While Aucouturier is actively engaged in discussions about containing these risks, he also points to clinical trials currently under way as highlighting the opportunities on offer.
The project’s freely available open-source tools are currently being used in several French hospitals for a range of applications.
DAVID is a free, real-time voice transformation tool able to change the emotion of recorded speech, while ANGUS can simulate cues of arousal and roughness on arbitrary voice signals. CLEESE is a Python toolbox for performing random or deterministic pitch, timescale, filtering and gain transformations on a given sound.
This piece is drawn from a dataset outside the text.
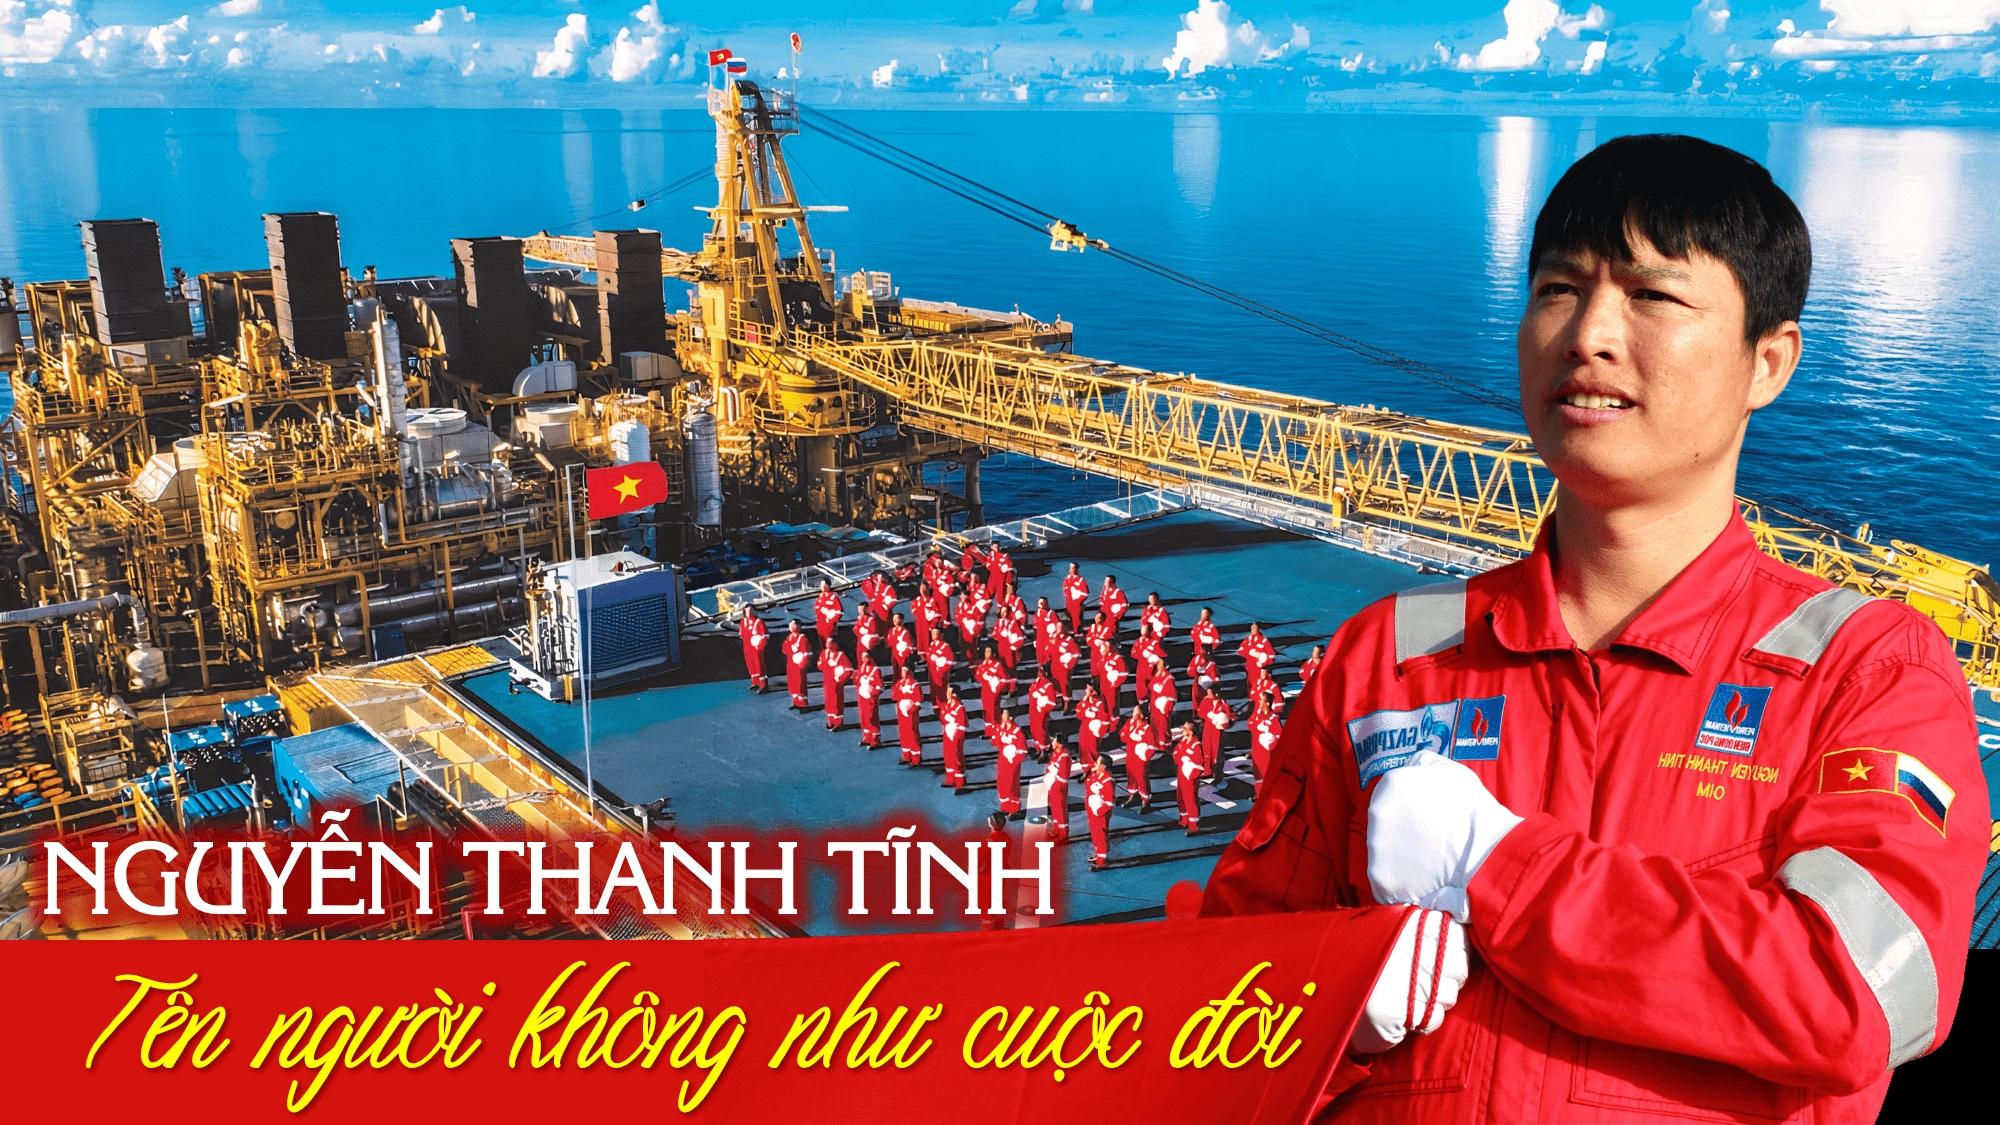 [E-Magazine] Nguyễn Thanh Tĩnh - Tên người không như cuộc đời

Applications include: diagnosing speech (aphasia) problems in stroke survivors, testing for consciousness in coma patients, exploring social cognition (especially the capacity to imitate ‘heard’ emotions) in congenitally blind patients, and identifying vocal anxiety markers before patients are anesthetised for surgery.
Work is also under way in emergency medicine triage, for autism spectrum disorder and post-traumatic stress disorder, and to assess the impact of brain glioma surgery.
“We are developing techniques that can control and measure emotional properties in the healthy brain using sounds, to diagnose a wide range of neurological and psychiatric disorders,” adds Aucouturier.
Now based at the mixed research FEMTO-ST Institute in France, Aucouturier is branching out to new fields. Working in the EU-funded Lullabyte project, he is collaborating with 10 European laboratories to investigate how the brain processes sound during sleep.
“We could use what we learn to develop creative applications that improve sleep quality, memory consolidation and remembrance of dreams – or even to modify the contents of dreams,” says Aucouturier.
A playlist to program your dreams? Music to our ears.